* _Exercise goal_: Pull every line containing "Vase" from the entries.

------------------------------------------------

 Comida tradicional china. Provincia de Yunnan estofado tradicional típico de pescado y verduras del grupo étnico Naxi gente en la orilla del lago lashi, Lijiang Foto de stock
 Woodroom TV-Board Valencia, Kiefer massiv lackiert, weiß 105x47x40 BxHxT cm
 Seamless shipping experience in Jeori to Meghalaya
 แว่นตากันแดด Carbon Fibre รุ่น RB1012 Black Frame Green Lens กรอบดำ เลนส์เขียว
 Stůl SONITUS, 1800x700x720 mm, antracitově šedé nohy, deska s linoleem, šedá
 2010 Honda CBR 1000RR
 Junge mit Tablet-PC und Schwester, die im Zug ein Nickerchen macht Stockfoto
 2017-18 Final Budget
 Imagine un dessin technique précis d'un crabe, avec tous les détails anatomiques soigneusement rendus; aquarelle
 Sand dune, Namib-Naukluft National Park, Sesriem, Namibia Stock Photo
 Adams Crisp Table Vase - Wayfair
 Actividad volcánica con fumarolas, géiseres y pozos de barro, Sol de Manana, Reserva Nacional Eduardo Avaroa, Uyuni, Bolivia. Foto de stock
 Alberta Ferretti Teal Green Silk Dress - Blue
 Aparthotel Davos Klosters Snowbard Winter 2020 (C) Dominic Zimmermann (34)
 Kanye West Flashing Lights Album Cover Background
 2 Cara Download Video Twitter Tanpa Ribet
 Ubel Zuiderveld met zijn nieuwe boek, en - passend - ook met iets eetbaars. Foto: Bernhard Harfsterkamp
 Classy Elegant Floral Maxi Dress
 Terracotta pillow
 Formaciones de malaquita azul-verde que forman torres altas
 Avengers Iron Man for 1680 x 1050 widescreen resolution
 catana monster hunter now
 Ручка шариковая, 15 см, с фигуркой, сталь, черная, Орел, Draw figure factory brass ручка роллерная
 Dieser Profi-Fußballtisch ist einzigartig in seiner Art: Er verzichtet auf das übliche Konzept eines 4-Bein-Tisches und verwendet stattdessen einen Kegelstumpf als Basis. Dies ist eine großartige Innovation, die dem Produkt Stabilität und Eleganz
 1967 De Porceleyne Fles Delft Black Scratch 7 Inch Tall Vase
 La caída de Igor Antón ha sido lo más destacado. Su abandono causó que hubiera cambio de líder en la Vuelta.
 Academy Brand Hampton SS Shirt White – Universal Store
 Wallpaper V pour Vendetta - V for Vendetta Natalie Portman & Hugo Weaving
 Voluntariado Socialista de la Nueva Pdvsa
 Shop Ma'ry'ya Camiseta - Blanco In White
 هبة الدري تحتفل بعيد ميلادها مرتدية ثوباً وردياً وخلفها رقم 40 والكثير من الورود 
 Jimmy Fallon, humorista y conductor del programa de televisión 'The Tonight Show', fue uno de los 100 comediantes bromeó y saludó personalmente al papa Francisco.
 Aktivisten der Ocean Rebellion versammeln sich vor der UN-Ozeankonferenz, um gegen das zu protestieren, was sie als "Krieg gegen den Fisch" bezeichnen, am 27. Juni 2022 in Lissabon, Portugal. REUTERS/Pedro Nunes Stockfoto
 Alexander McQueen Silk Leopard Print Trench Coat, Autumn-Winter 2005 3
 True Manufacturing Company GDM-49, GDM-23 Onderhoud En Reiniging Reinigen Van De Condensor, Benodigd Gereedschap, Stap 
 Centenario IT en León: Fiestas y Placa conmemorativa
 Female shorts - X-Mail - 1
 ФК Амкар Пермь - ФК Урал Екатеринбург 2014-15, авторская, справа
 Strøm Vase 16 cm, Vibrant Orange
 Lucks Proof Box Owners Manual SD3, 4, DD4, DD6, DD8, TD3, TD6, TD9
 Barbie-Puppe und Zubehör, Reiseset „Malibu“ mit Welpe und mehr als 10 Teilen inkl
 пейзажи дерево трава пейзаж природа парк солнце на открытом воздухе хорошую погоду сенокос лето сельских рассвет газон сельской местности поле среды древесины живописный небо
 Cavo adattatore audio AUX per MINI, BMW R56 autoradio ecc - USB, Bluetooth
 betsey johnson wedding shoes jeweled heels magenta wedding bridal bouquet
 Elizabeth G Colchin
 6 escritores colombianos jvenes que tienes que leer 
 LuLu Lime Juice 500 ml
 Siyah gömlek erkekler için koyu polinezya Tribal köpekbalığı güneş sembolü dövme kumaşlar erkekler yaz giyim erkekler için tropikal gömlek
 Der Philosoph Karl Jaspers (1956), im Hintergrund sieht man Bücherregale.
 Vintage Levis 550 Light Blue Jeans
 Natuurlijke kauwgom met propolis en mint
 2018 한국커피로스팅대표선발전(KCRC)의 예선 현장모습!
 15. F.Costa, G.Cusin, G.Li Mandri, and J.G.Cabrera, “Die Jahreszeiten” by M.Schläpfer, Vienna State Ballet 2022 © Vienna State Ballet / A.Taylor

------------------------------------------------

* _Task response_:
 Adams Crisp Table Vase - Wayfair
 1967 De Porceleyne Fles Delft Black Scratch 7 Inch Tall Vase
 Strøm Vase 16 cm, Vibrant Orange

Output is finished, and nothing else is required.